_Given data_:

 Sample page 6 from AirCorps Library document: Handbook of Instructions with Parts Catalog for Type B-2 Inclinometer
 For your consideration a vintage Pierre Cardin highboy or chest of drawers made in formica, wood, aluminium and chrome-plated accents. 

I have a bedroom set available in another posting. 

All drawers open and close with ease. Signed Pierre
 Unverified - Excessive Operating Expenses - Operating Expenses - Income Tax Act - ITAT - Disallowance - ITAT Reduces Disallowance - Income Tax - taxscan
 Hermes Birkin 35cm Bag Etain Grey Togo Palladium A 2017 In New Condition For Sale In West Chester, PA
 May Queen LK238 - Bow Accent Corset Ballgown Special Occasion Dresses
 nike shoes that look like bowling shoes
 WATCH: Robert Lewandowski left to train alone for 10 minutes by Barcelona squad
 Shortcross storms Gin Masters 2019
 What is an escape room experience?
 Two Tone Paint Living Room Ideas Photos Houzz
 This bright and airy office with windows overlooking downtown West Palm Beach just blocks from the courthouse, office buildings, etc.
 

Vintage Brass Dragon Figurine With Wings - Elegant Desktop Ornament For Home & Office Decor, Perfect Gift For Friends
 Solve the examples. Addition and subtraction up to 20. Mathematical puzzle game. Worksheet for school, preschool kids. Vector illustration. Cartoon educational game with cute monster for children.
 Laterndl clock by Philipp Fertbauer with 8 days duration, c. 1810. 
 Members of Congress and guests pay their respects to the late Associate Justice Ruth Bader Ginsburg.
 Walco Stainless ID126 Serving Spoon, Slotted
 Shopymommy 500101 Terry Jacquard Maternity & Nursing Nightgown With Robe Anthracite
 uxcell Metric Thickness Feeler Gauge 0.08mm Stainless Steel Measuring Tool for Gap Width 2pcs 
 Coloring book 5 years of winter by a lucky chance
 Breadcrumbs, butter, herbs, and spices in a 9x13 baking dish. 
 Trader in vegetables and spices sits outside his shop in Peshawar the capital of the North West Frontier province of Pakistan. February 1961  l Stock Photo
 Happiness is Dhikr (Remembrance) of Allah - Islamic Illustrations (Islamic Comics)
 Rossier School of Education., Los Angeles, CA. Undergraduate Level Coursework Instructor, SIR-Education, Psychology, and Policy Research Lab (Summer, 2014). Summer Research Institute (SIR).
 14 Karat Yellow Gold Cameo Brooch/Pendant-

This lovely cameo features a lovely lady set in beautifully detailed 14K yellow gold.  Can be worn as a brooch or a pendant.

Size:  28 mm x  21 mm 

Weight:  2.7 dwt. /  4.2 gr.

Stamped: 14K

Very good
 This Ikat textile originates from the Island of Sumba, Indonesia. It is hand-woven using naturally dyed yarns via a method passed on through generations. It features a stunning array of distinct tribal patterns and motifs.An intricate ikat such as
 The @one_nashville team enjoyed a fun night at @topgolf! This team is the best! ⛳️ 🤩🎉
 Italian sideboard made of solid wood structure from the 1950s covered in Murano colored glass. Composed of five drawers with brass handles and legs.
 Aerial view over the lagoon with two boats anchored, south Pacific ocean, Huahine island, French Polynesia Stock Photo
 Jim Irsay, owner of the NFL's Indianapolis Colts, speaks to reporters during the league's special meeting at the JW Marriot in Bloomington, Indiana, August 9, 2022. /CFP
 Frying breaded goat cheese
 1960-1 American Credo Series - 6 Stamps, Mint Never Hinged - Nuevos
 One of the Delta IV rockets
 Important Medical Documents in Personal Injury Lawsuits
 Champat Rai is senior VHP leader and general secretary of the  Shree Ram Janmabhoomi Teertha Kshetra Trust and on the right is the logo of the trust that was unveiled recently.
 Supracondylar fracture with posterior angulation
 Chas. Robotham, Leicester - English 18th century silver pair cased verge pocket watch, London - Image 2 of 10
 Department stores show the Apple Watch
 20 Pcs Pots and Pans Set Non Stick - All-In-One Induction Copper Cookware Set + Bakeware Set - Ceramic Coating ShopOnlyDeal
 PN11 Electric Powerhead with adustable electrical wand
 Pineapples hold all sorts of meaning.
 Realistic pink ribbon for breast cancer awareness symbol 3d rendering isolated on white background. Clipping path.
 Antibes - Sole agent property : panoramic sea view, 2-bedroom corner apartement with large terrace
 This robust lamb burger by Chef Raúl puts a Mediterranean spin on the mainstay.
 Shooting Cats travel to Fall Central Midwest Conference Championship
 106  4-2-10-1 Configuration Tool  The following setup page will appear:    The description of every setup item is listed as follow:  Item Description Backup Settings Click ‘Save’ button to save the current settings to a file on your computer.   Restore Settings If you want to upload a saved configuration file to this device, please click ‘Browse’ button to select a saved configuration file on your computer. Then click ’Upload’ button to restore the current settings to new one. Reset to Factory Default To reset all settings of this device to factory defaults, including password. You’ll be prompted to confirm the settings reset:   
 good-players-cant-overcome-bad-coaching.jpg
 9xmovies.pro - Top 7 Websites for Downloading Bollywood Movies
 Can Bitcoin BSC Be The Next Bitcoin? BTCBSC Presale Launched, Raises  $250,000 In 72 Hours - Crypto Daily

_Your task_: Reproduce, exactly and in full, the lines from the one that contains "20 Pcs Pots" to the end of the material.

_Problem solution_:
 20 Pcs Pots and Pans Set Non Stick - All-In-One Induction Copper Cookware Set + Bakeware Set - Ceramic Coating ShopOnlyDeal
 PN11 Electric Powerhead with adustable electrical wand
 Pineapples hold all sorts of meaning.
 Realistic pink ribbon for breast cancer awareness symbol 3d rendering isolated on white background. Clipping path.
 Antibes - Sole agent property : panoramic sea view, 2-bedroom corner apartement with large terrace
 This robust lamb burger by Chef Raúl puts a Mediterranean spin on the mainstay.
 Shooting Cats travel to Fall Central Midwest Conference Championship
 106  4-2-10-1 Configuration Tool  The following setup page will appear:    The description of every setup item is listed as follow:  Item Description Backup Settings Click ‘Save’ button to save the current settings to a file on your computer.   Restore Settings If you want to upload a saved configuration file to this device, please click ‘Browse’ button to select a saved configuration file on your computer. Then click ’Upload’ button to restore the current settings to new one. Reset to Factory Default To reset all settings of this device to factory defaults, including password. You’ll be prompted to confirm the settings reset:   
 good-players-cant-overcome-bad-coaching.jpg
 9xmovies.pro - Top 7 Websites for Downloading Bollywood Movies
 Can Bitcoin BSC Be The Next Bitcoin? BTCBSC Presale Launched, Raises  $250,000 In 72 Hours - Crypto Daily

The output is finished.